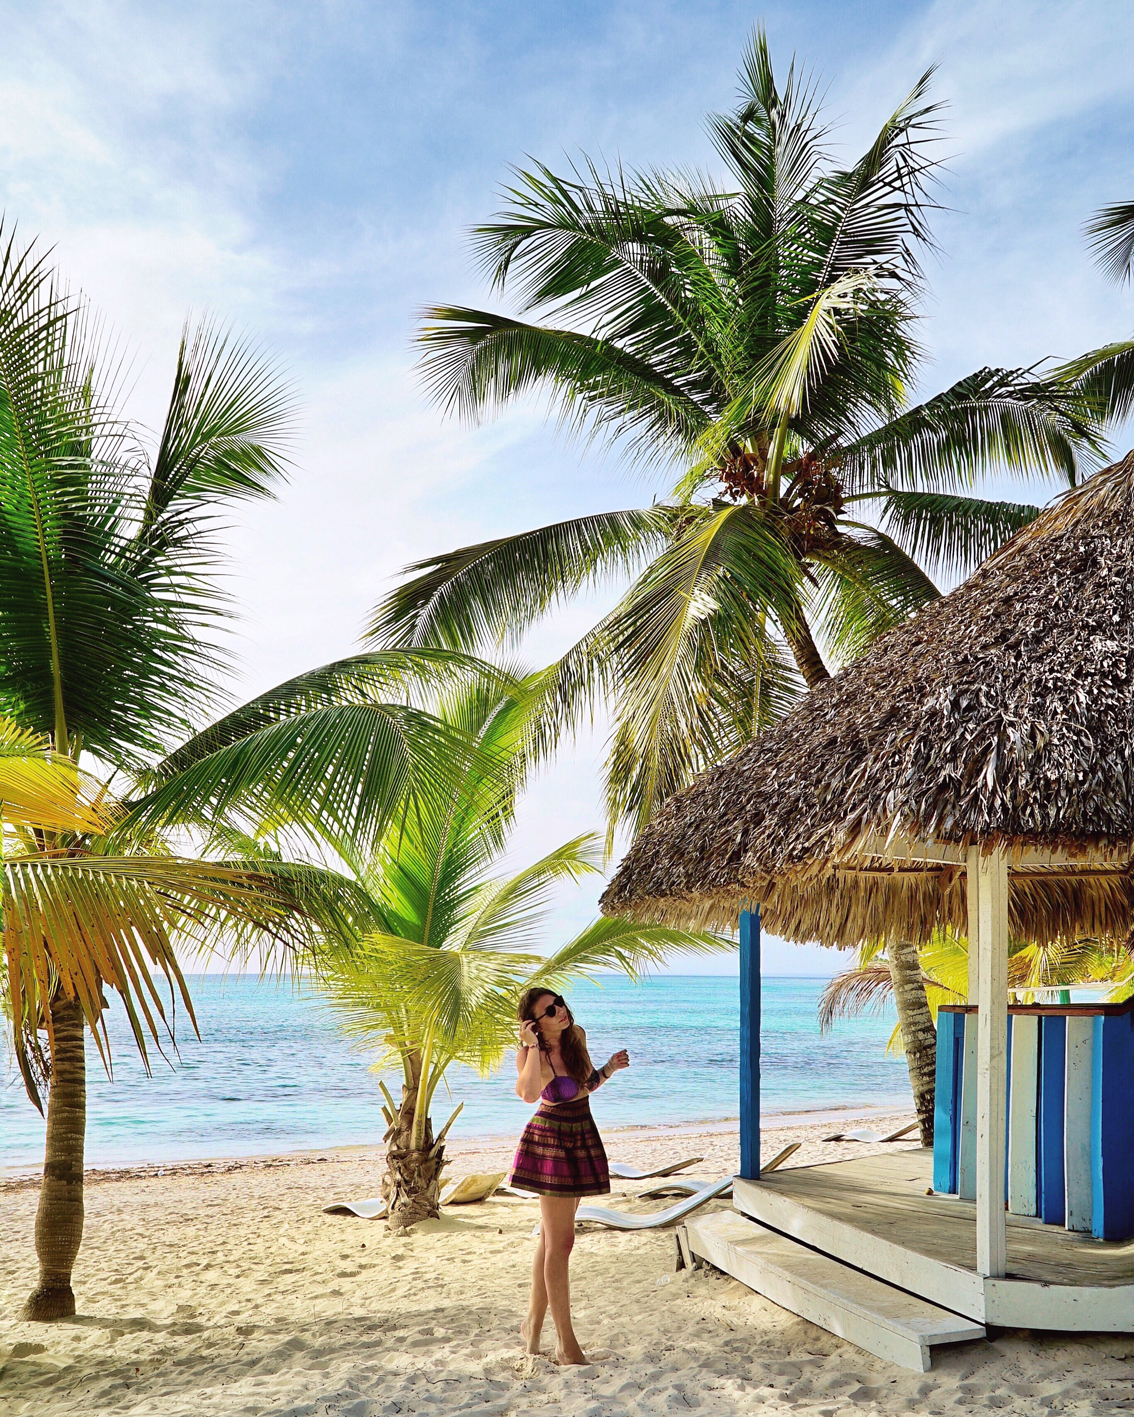 6-1 Viva Dominicus Beach, il mio viaggio ai Caraibi. Come può esser più bello il paradiso?
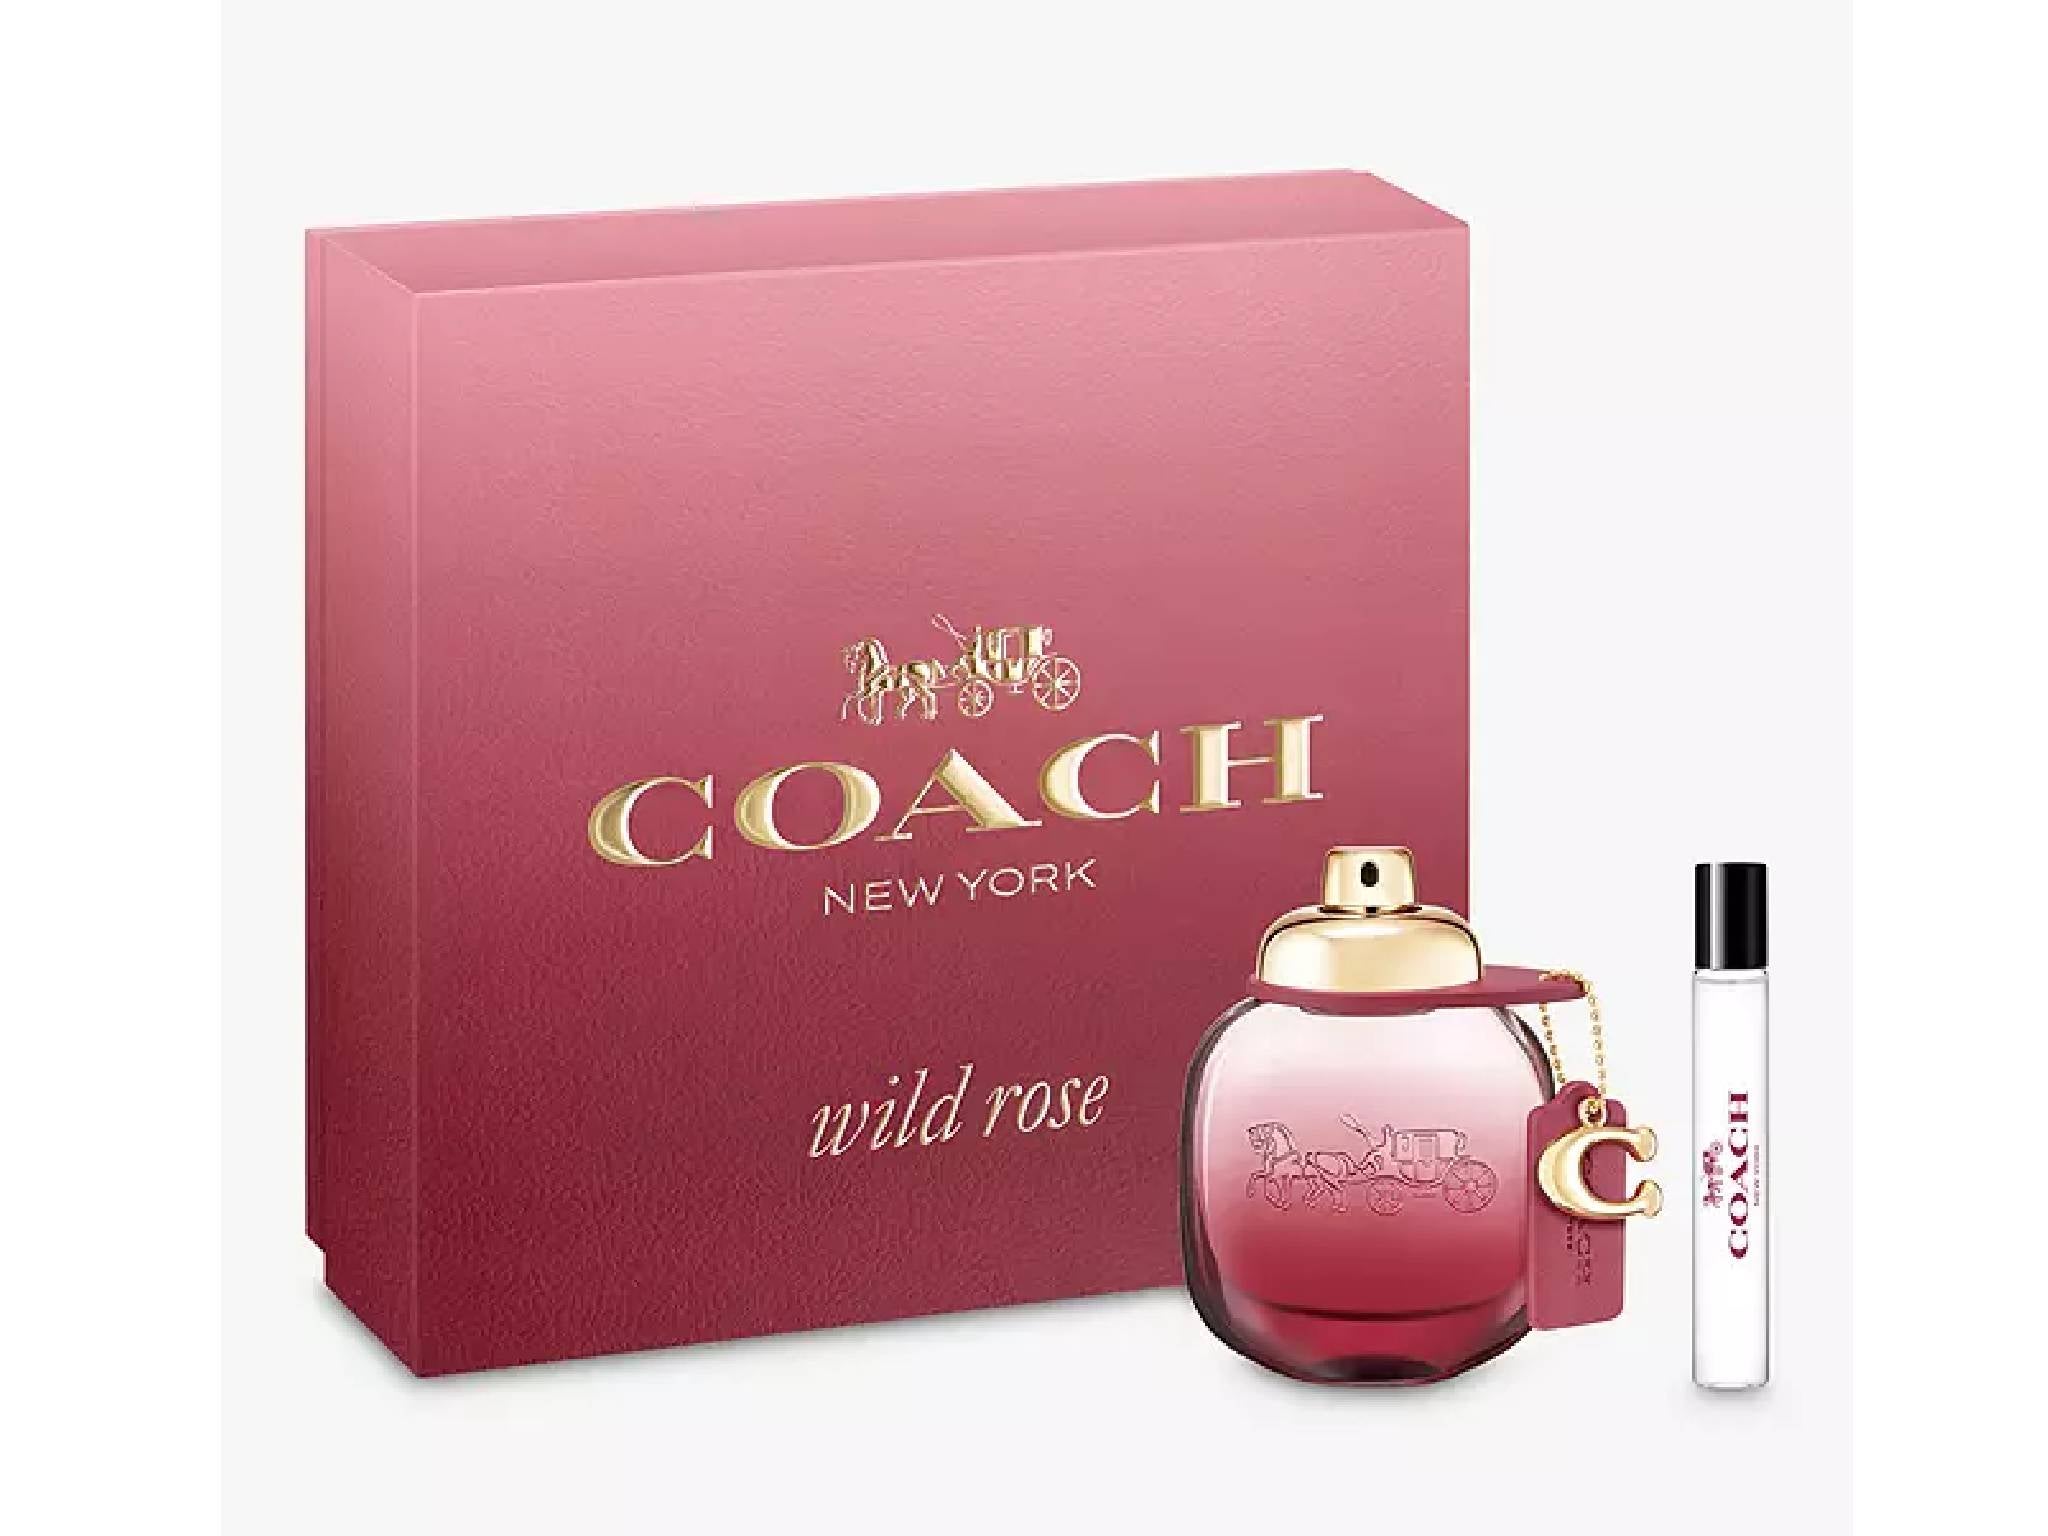 Coach wild rose eau de parfum gift set
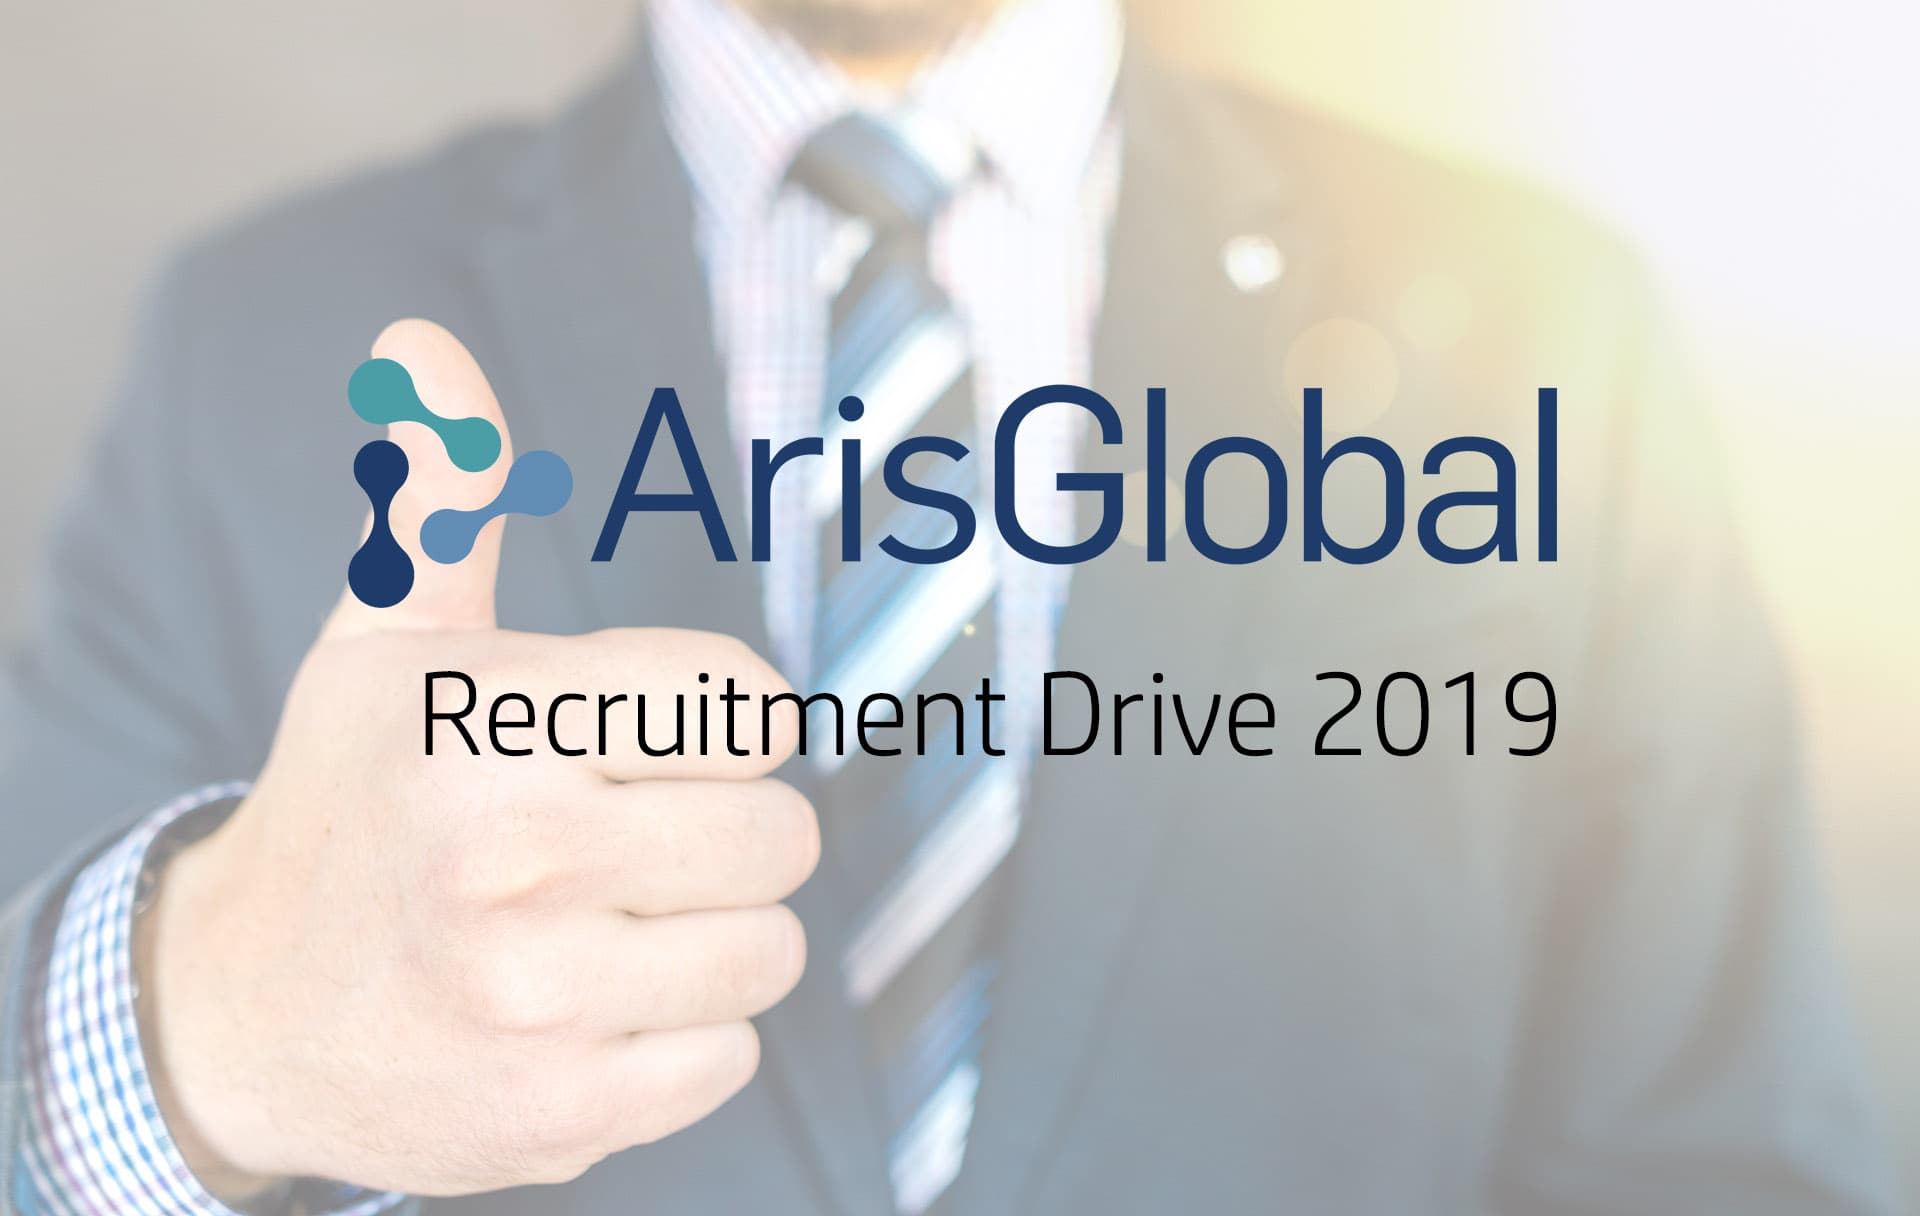 ArisGlobal Recruitment Drive

-------

_Task requirements_
Drop the pictures and reproduce the rest of the data above exactly.

_Answer to the exercise_
 6-1 Viva Dominicus Beach, il mio viaggio ai Caraibi. Come può esser più bello il paradiso?
 Coach wild rose eau de parfum gift set
 ArisGlobal Recruitment Drive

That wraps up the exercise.